Your assignment: Repeat all the lines below exactly, but omit the pictures.

Provided material:
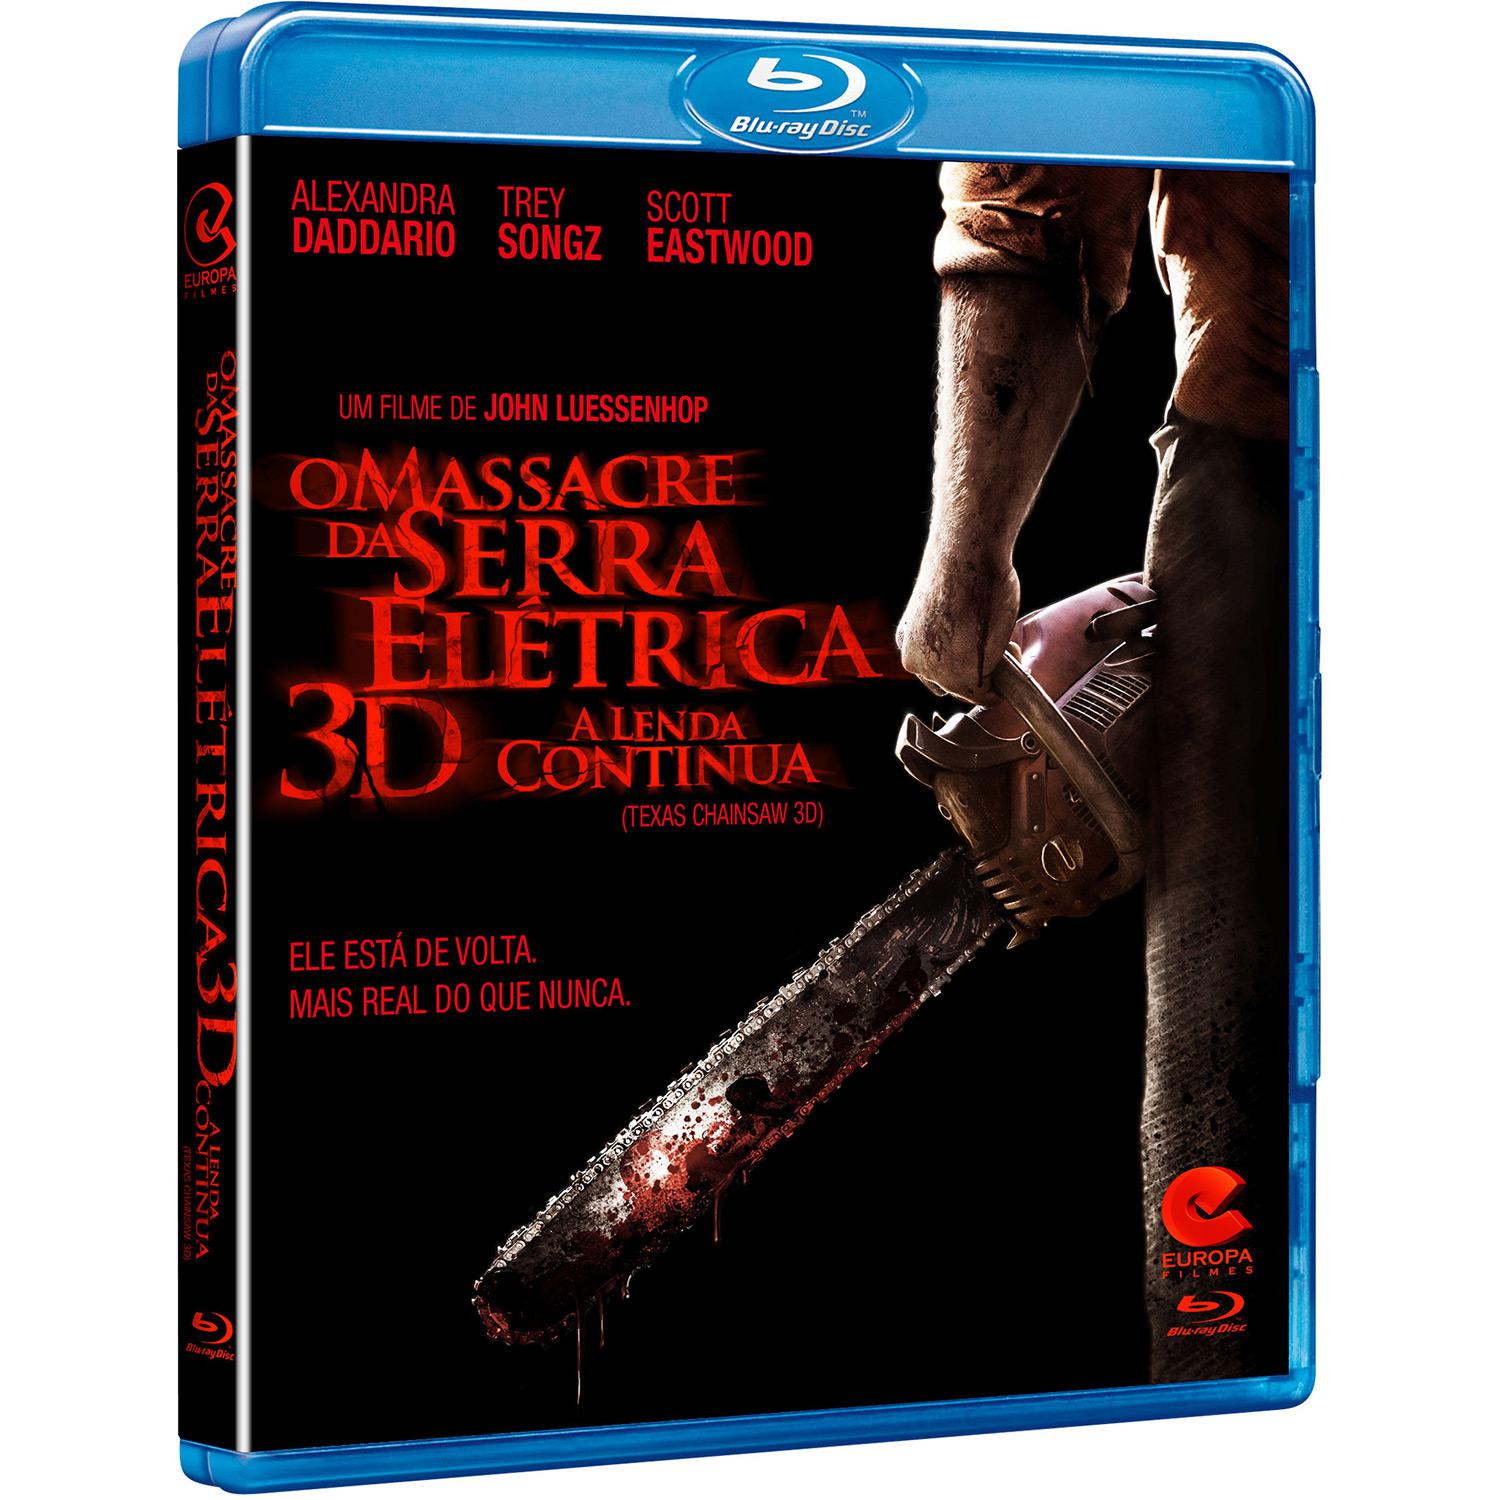 Blu-Ray 3D - O Massacre da Serra Elétrica - A Lenda Continua é bom? Vale a pena?
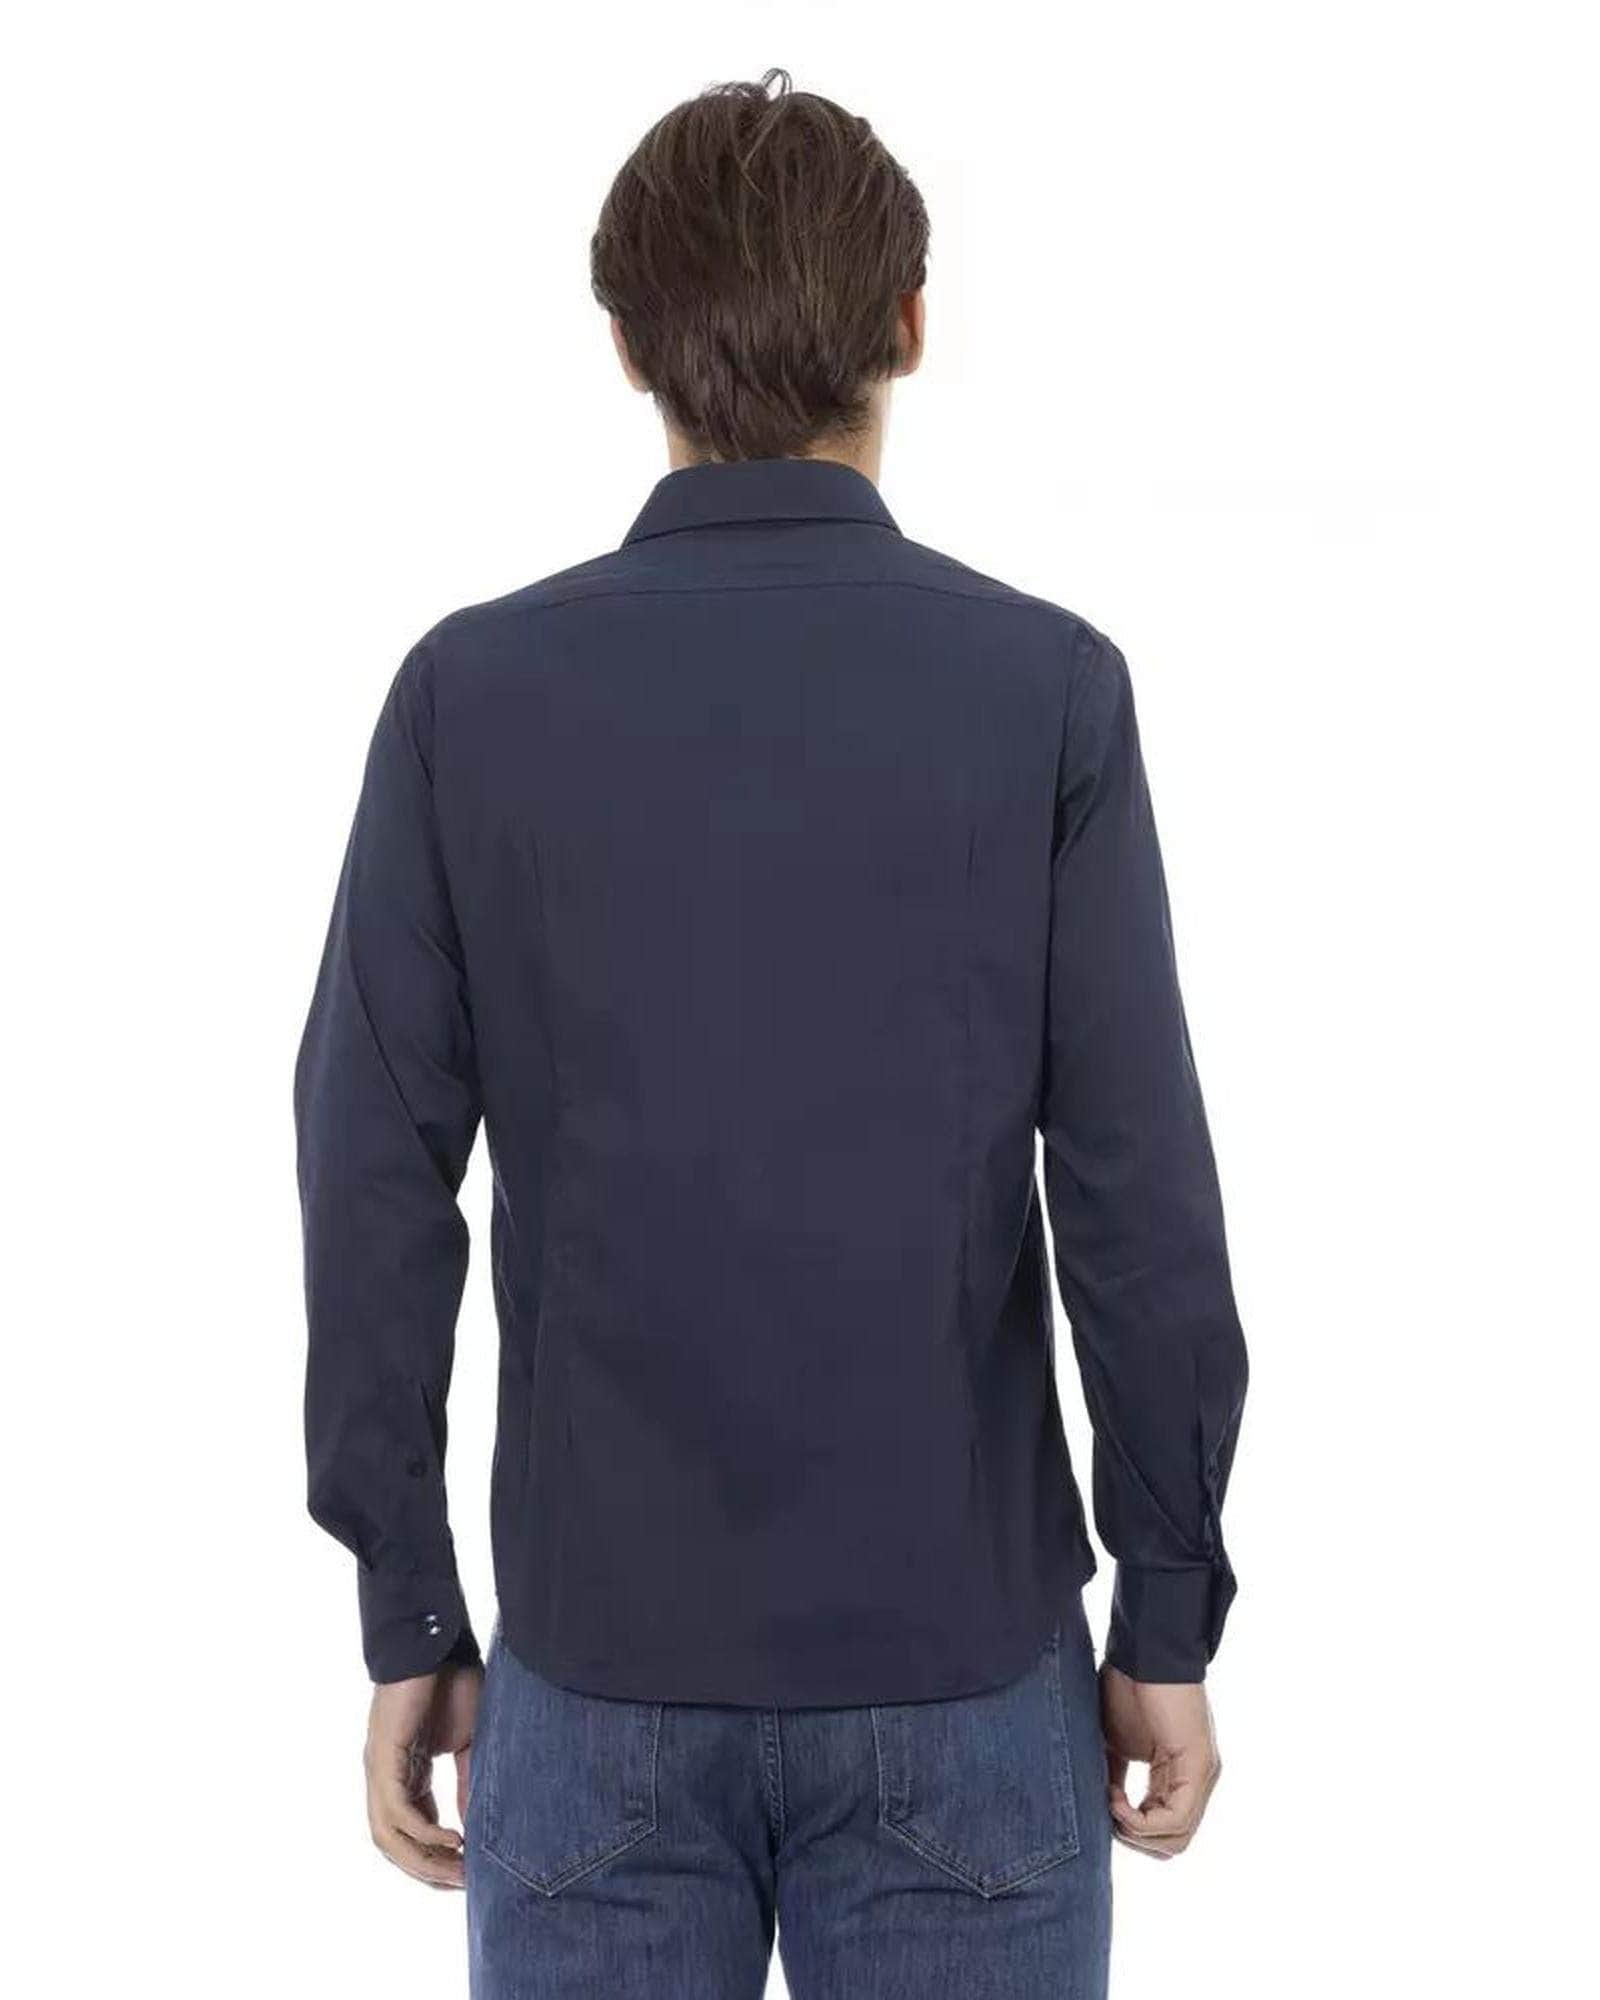 Sleek Men's Black/Bordeaux/Blue Cotton Shirt
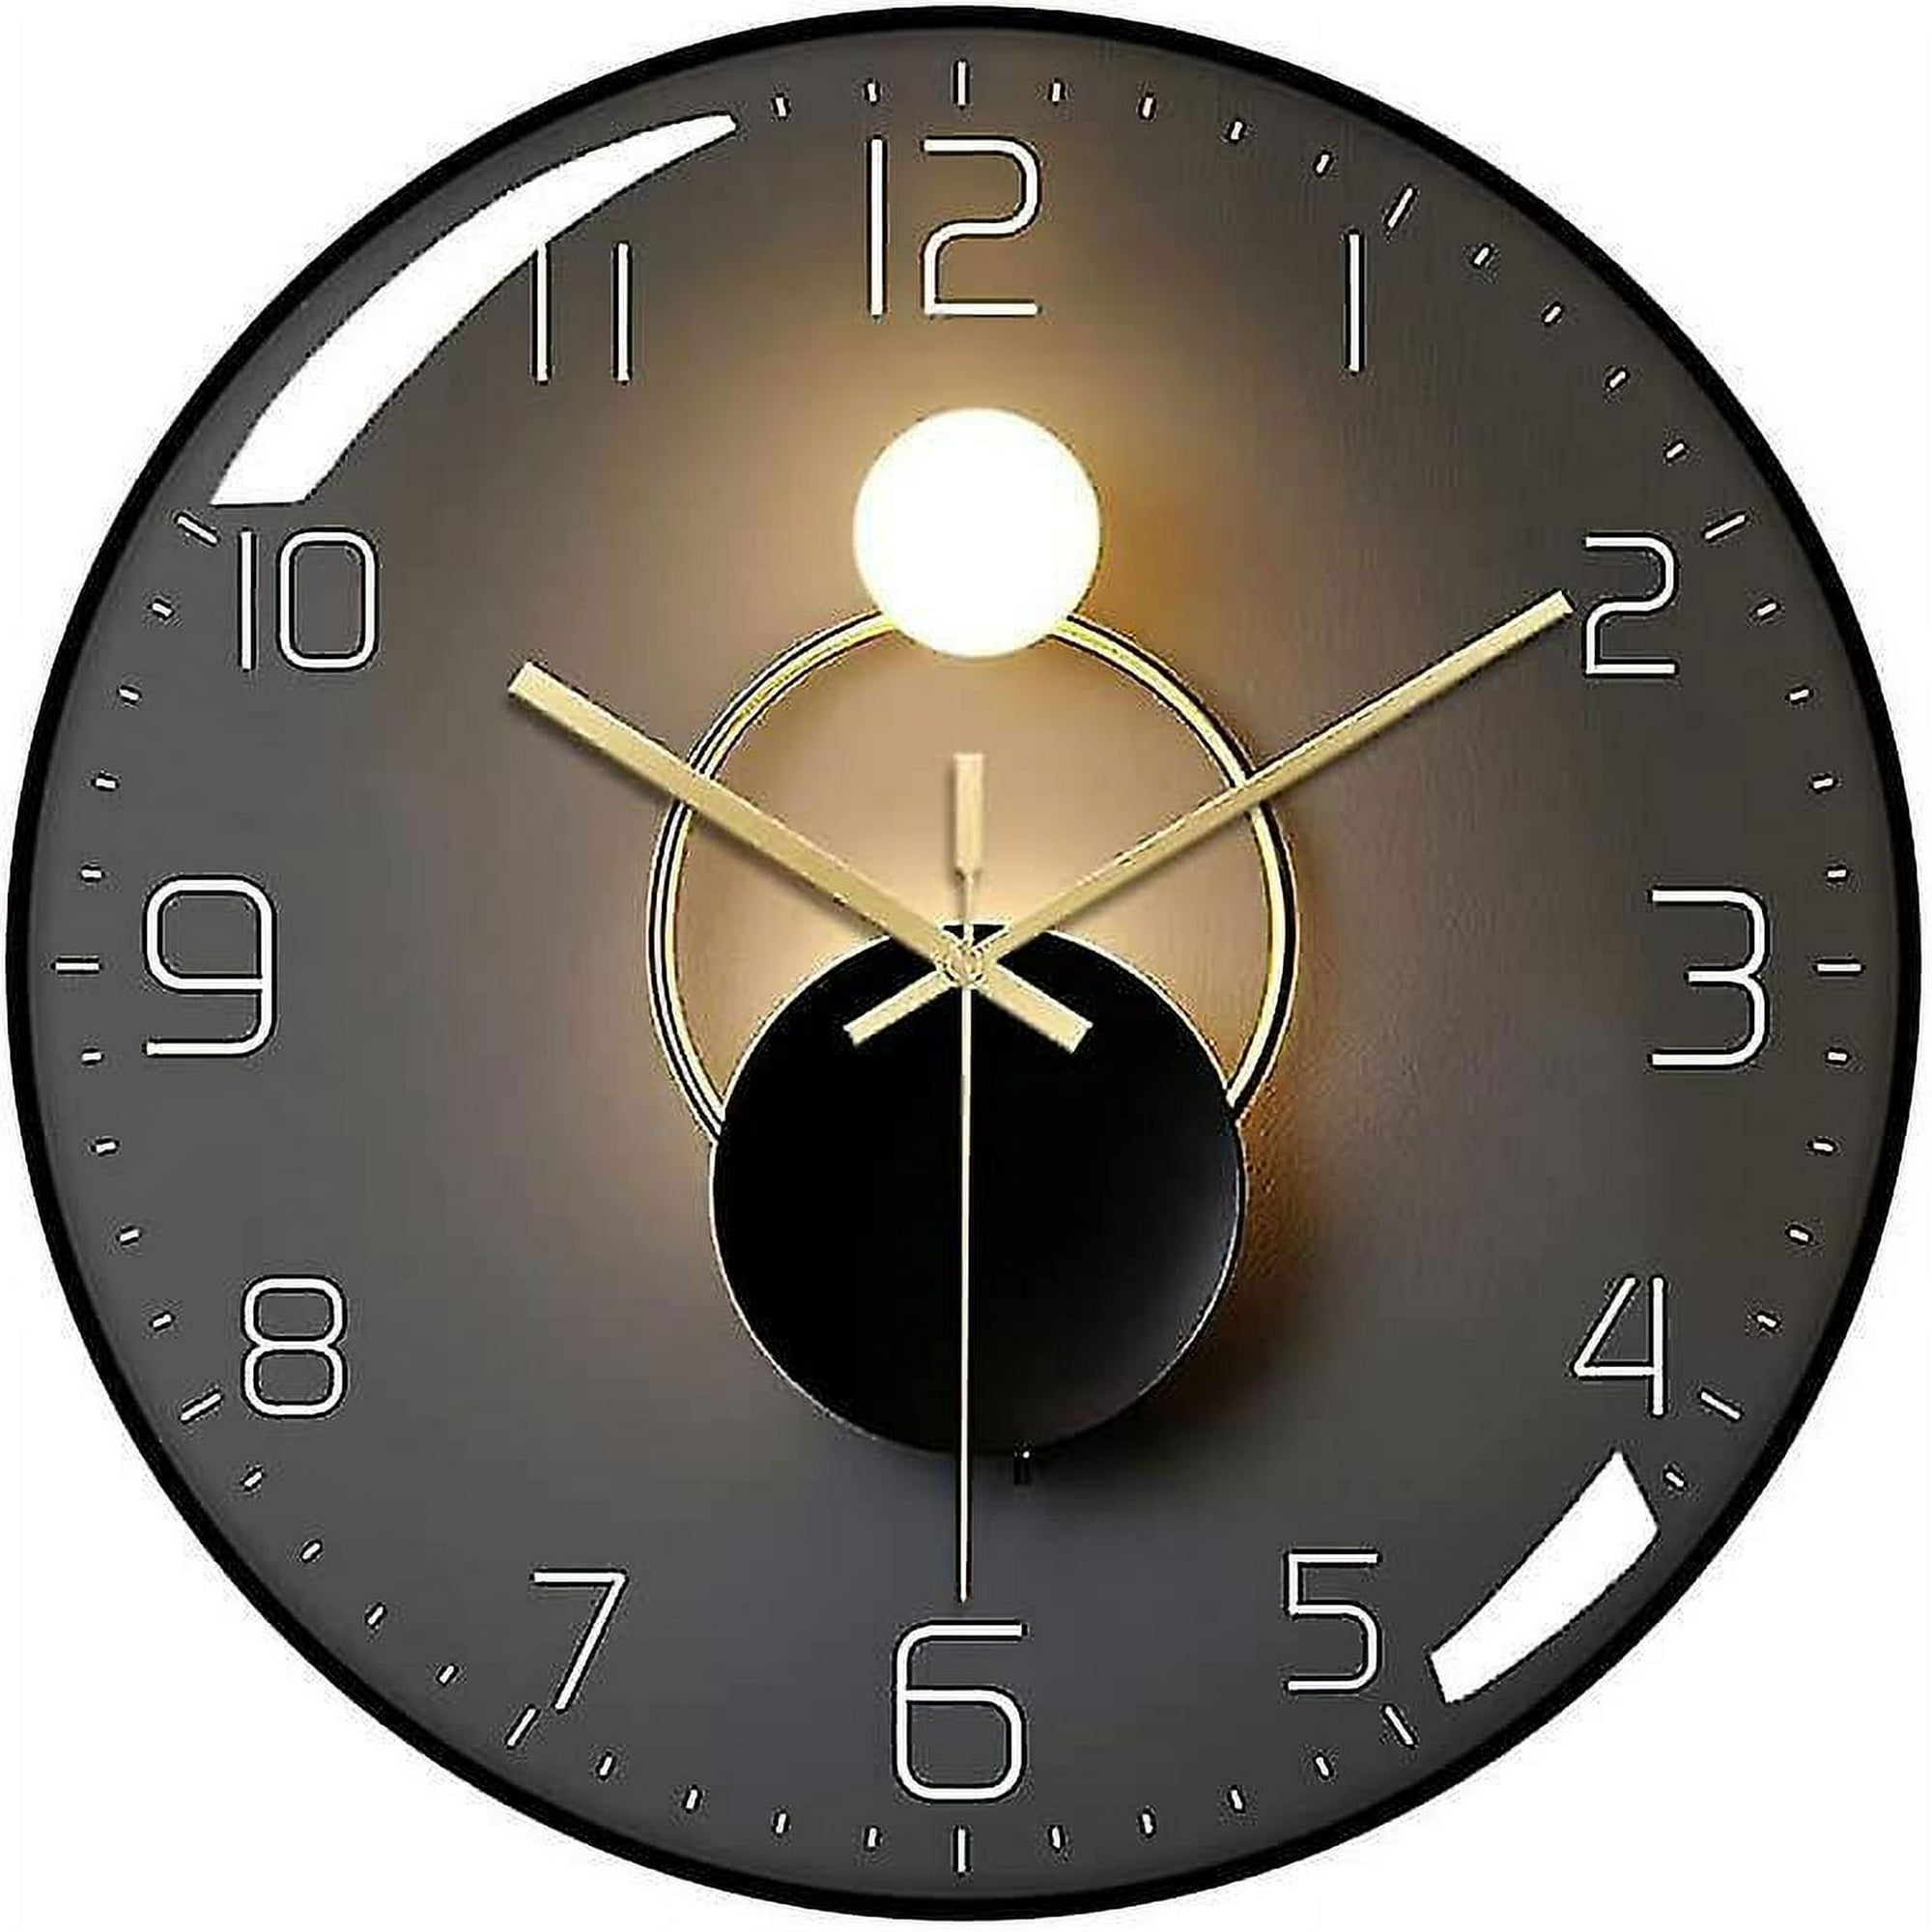 Redondo Péndulo Reloj De Pared Moderno Grande Silencioso Reloj con

Solution to the exercise:
 Blu-Ray 3D - O Massacre da Serra Elétrica - A Lenda Continua é bom? Vale a pena?
 Sleek Men's Black/Bordeaux/Blue Cotton Shirt
 Redondo Péndulo Reloj De Pared Moderno Grande Silencioso Reloj con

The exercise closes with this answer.